Patients with T2D were identified from the EHRs using the ICD-10 codes registered during any visit to either primary or specialized care. The prevalence of T2D was calculated for the years 2012, 2015, and 2017 on the municipality level. The number of people found in the EHRs with diabetes was compared with the number found in the national register of medication reimbursement rights.

Results:

In 2012, the age-adjusted prevalence of T2D in North Karelia varied considerably between municipalities (5.5%-8.6%). These differences indicate variation in the processes of early diagnosis. The findings were discussed in the regional network of health professionals treating patients with T2D, resulting in sharing experiences and best practices. In 2017, the differences had notably diminished, and in most municipalities, the prevalence exceeded 8%. The regional differences in the prevalence and their downward trend were observed both in the EHRs and in the medication reimbursement rights register.

Conclusion:

Clear differences in the prevalence of T2D were detected between municipalities. After visualizing these differences and providing information for the professionals, the early detection of T2D improved and the regional differences decreased. The EHRs are a valuable data source for knowledge-based management and quality improvement.

Keywords: quality improvement, electronic health records, type 2 diabetes, detection, health care, process

Background

The manifestation of type 2 diabetes (T2D) may last several years without noticeable symptoms.1 It has been repeatedly shown that patients with diabetes already have an increased prevalence of complications at the time of diagnosis.2,3 Therefore, more attention needs to be paid to the detection and initiation of care for T2D in order to avoid serious complications.

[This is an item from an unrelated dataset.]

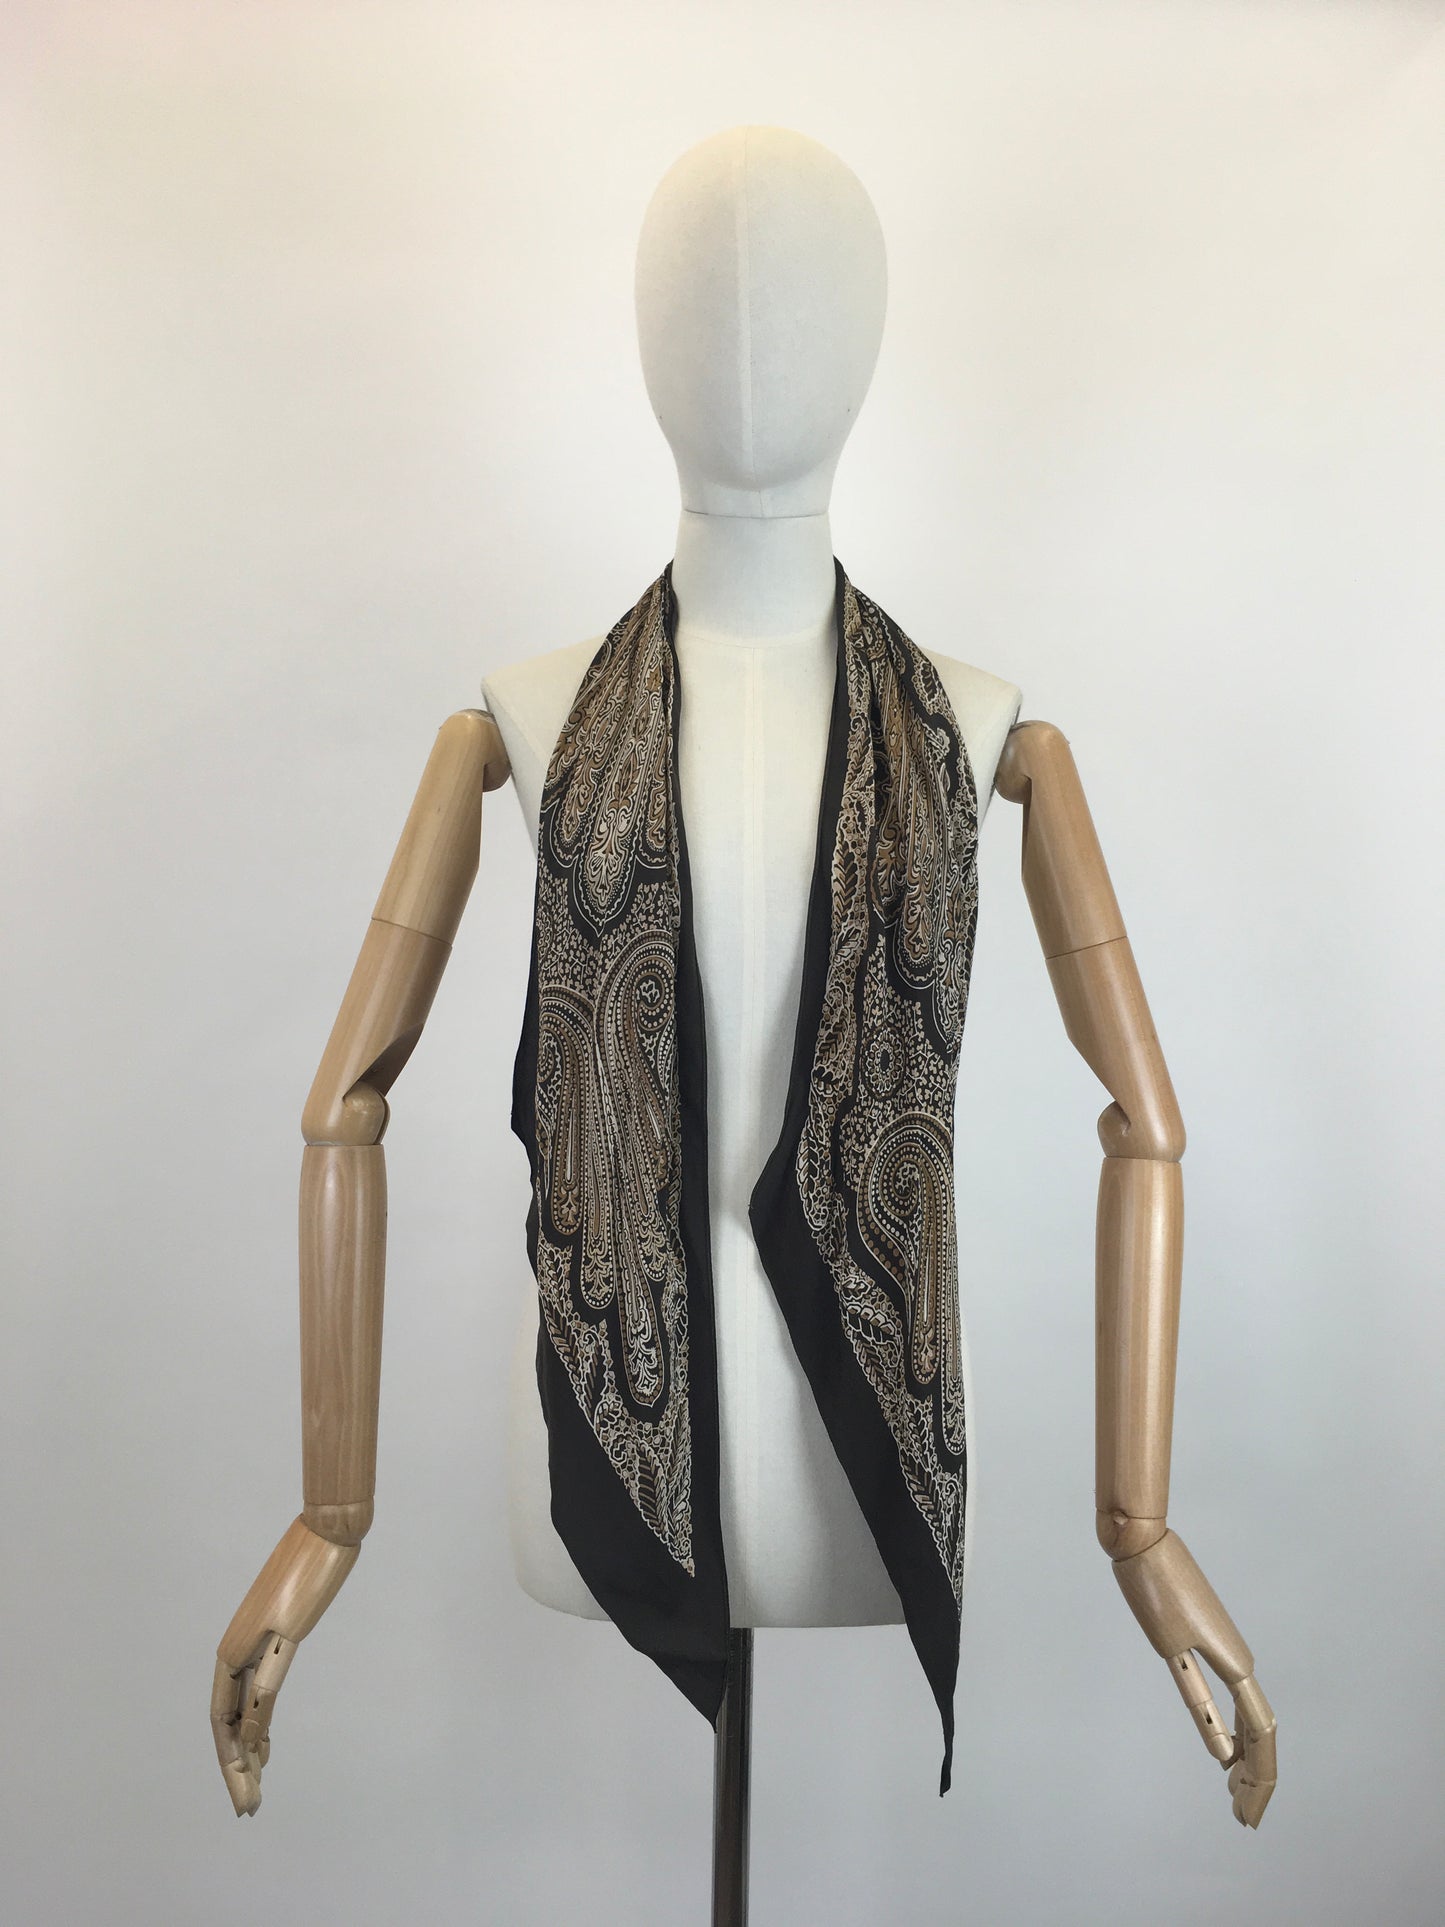 Original 1930’s Stunning Deco Pointed Scarf - In Warm Browns, Taupes and Mushrooms

Electronic health records (EHRs) have great potential for the surveillance of T2D prevalence, as well as for monitoring and improving the processes and quality of diabetes care.4,5 Further, by combining the health records and geographic information, it is possible to map areas where the detection and treatment of diabetes needs to be improved.6-8 The use of EHRs to identify evidence-treatment gaps in the treatment of patients with noncommunicable diseases has been scarce, especially in primary health care.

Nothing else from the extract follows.